:: Dataset excerpt
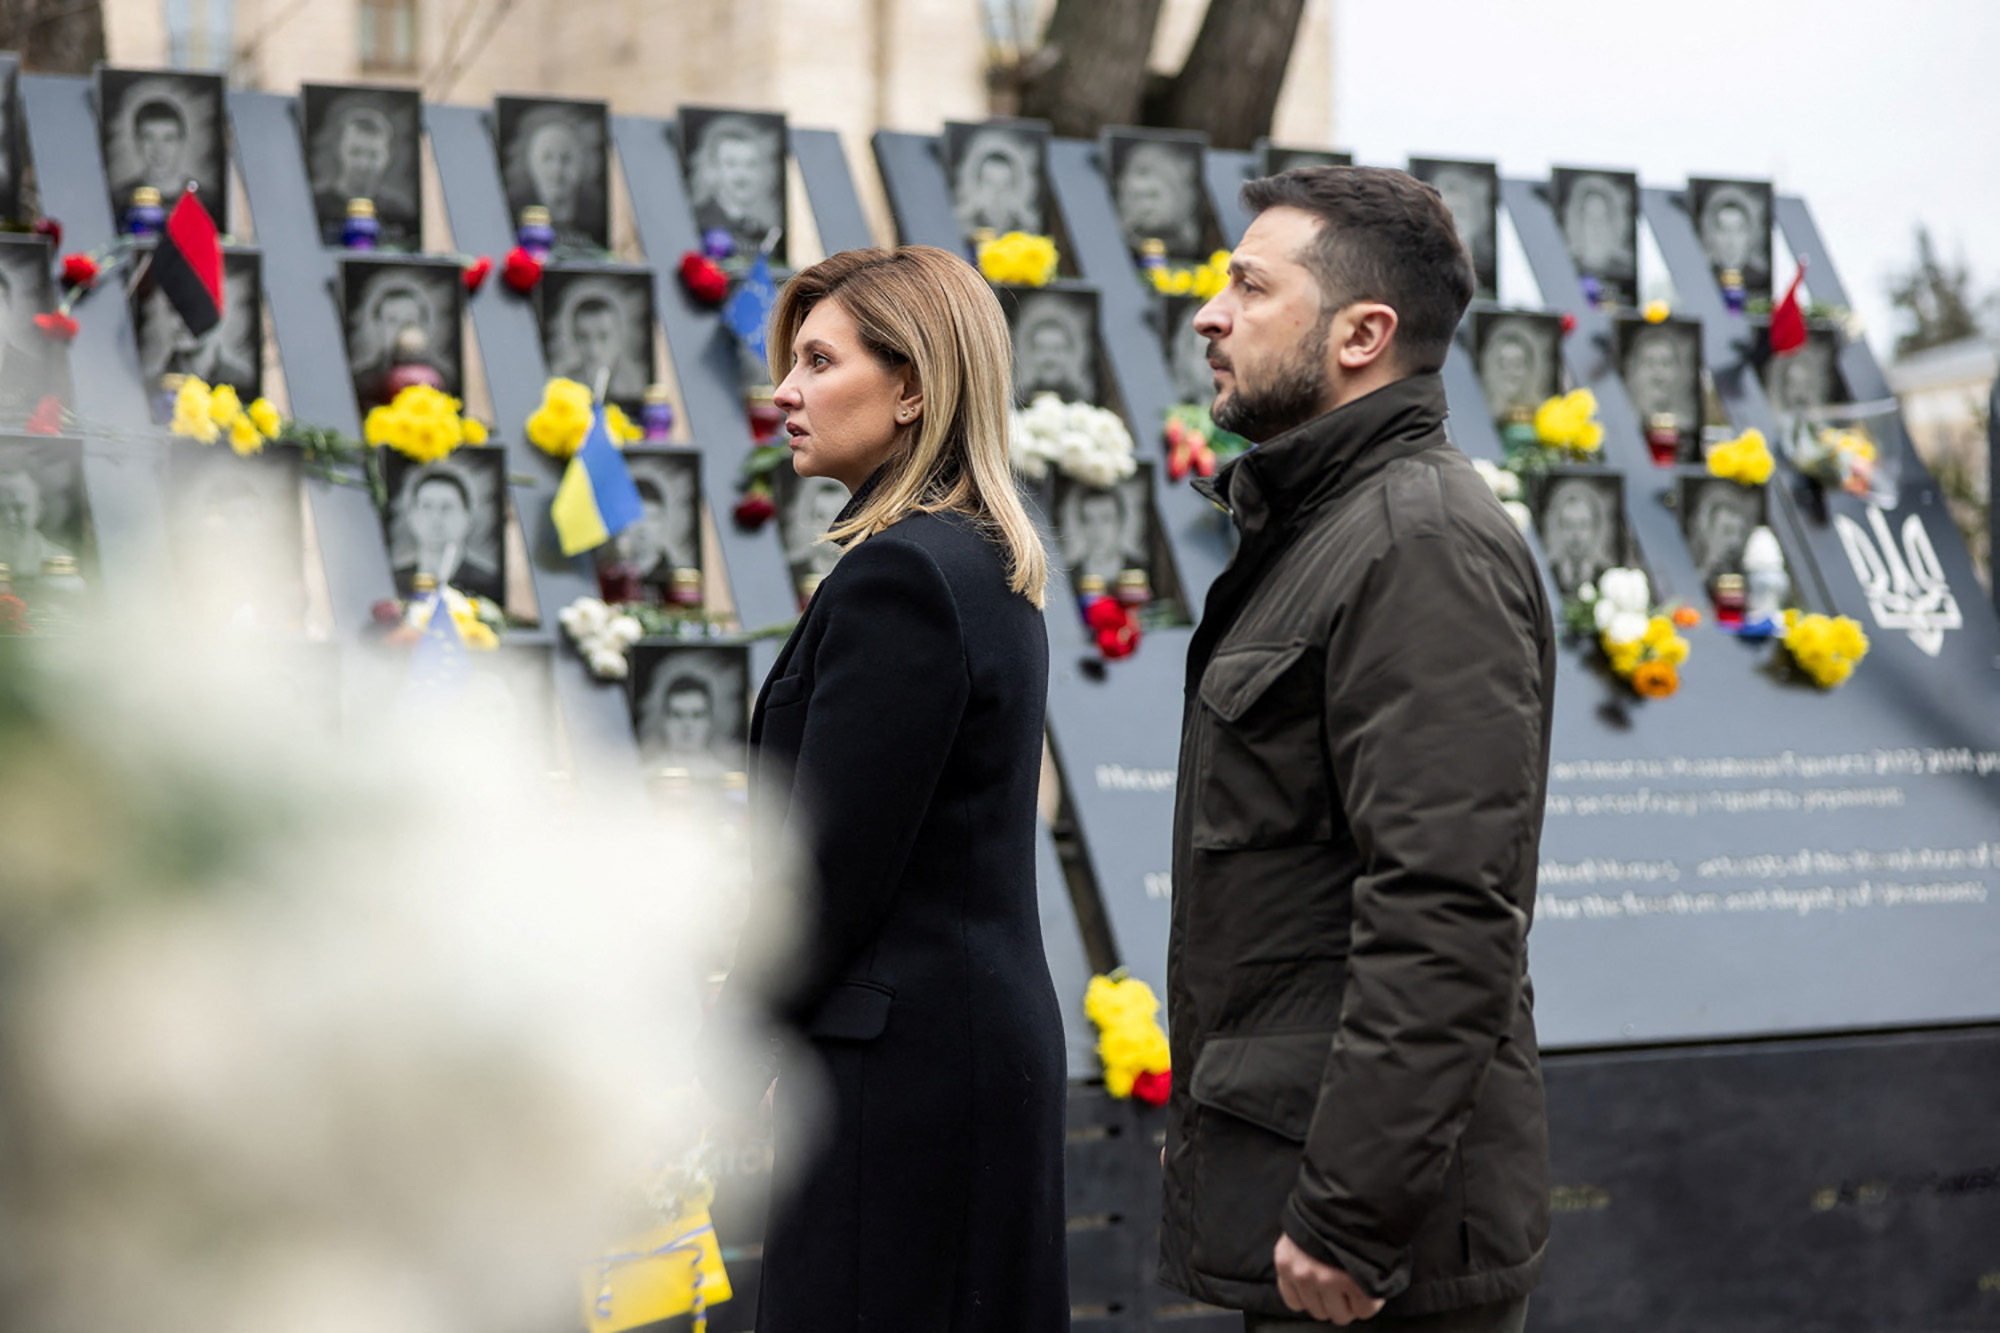 Ukraine's President Volodymyr Zelensky and his wife Olena attend a commemoration ceremony at a monument "Heavenly Hundred", the people killed during the Ukrainian pro-European Union (EU) mass demonstrations in 2014, in Kyiv, Ukraine, on February 20.
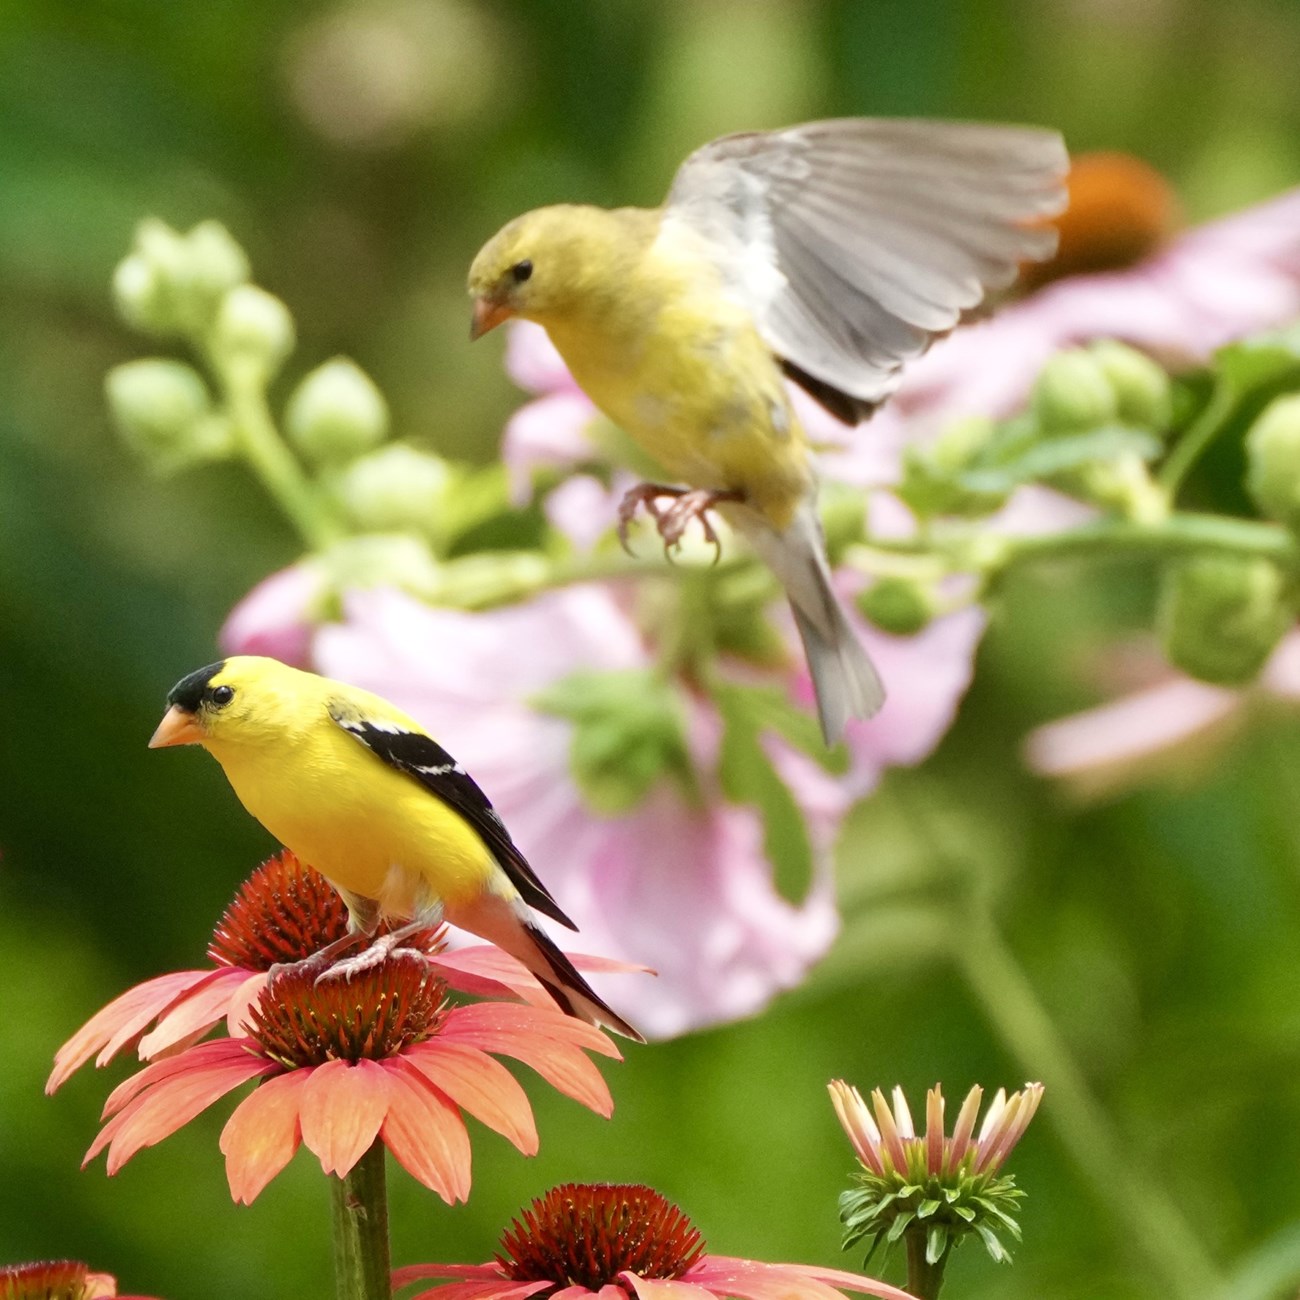 Two yellow goldfinch birds are visiting flowers.
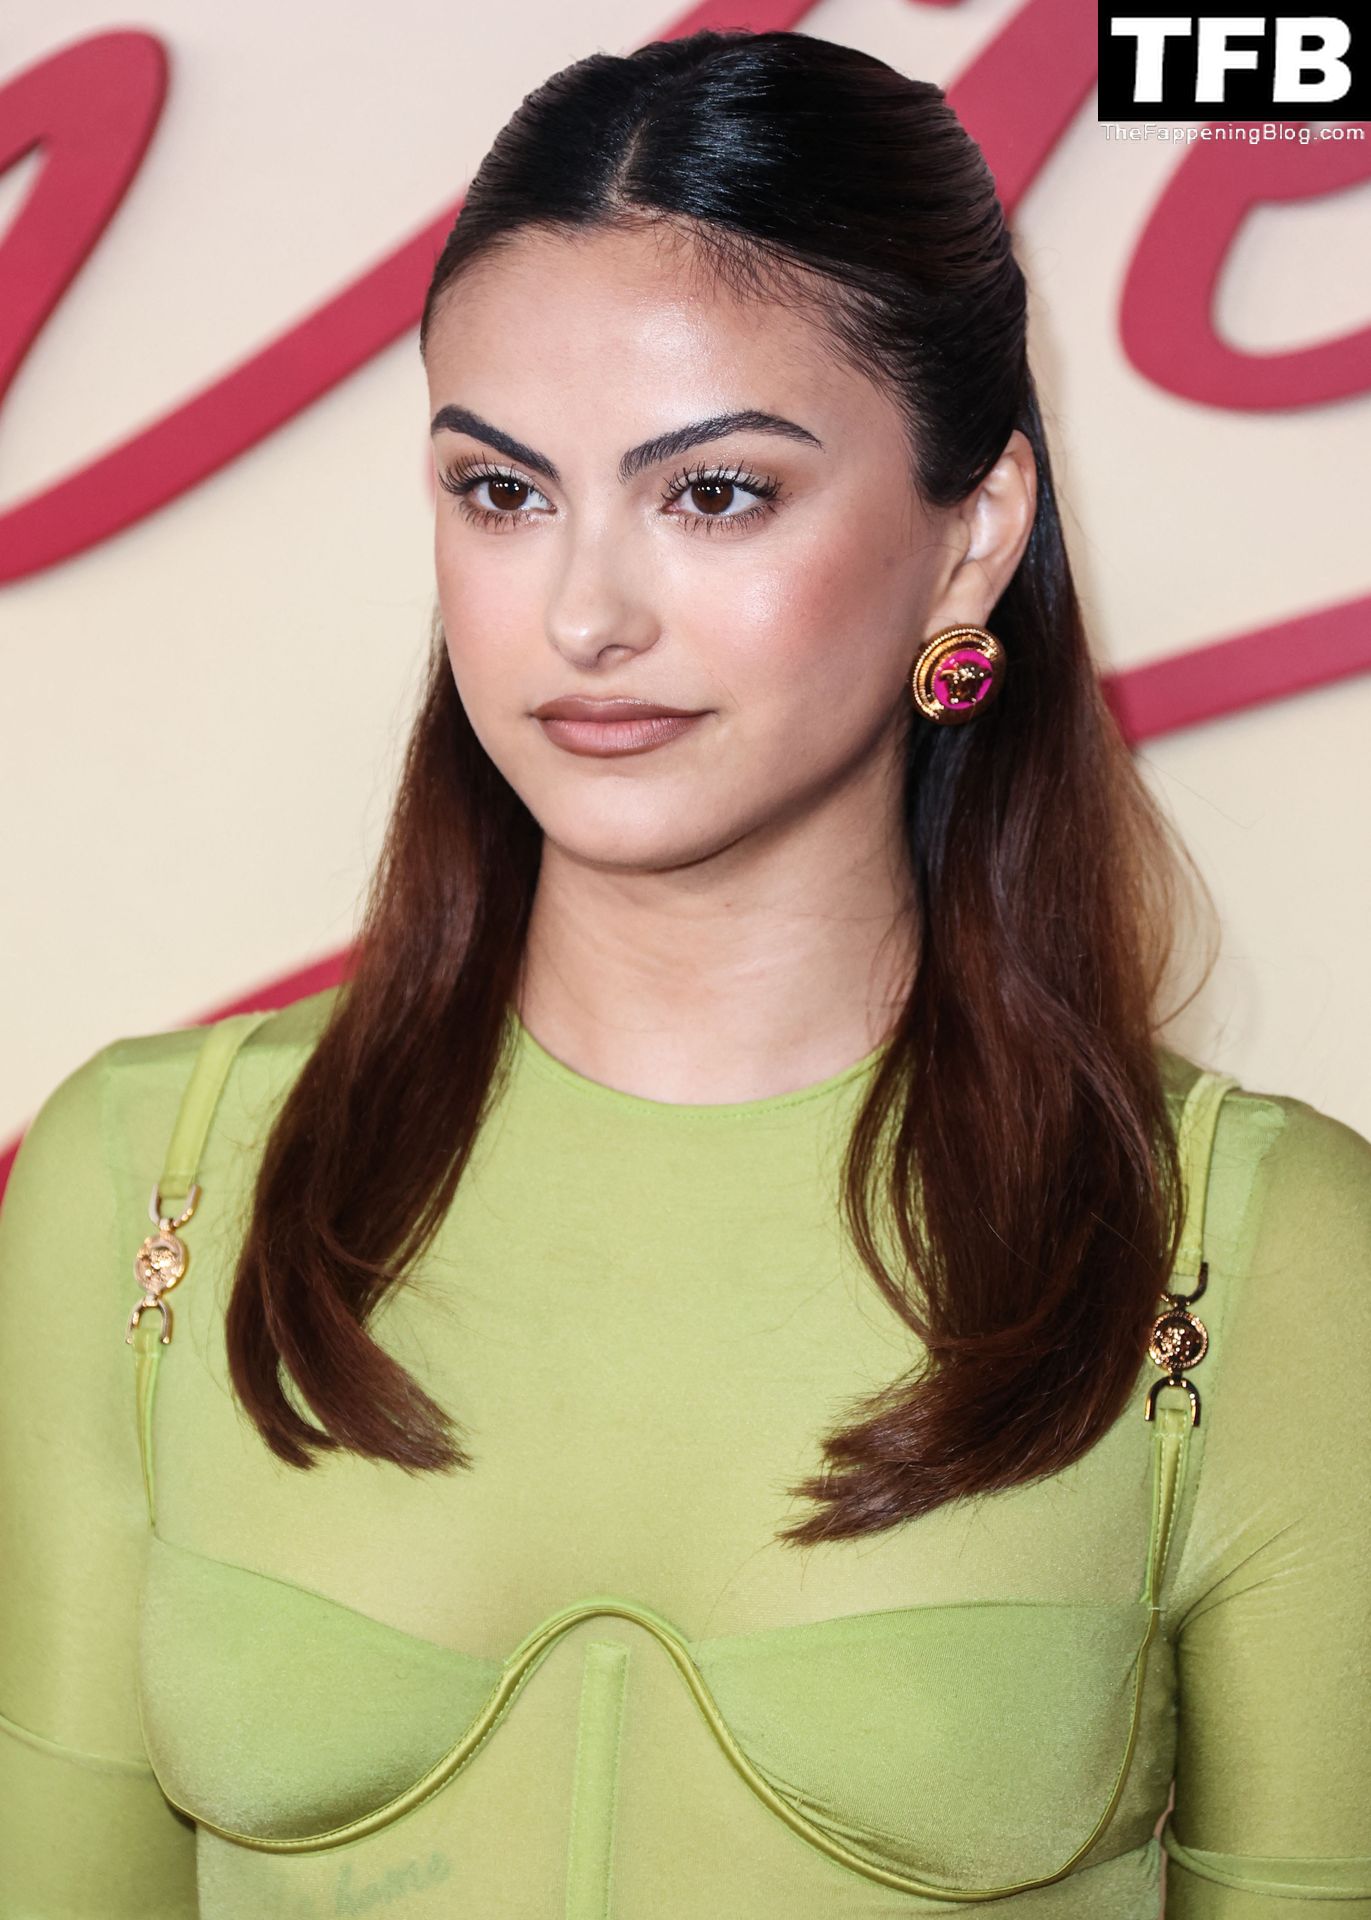 Camila-Mendes-Sexy-The-Fappening-Blog-64.jpg
::::
- [Work to complete]
Please copy the data shown above precisely, leaving the images out.

- [Result]
 Ukraine's President Volodymyr Zelensky and his wife Olena attend a commemoration ceremony at a monument "Heavenly Hundred", the people killed during the Ukrainian pro-European Union (EU) mass demonstrations in 2014, in Kyiv, Ukraine, on February 20.
 Two yellow goldfinch birds are visiting flowers.
 Camila-Mendes-Sexy-The-Fappening-Blog-64.jpg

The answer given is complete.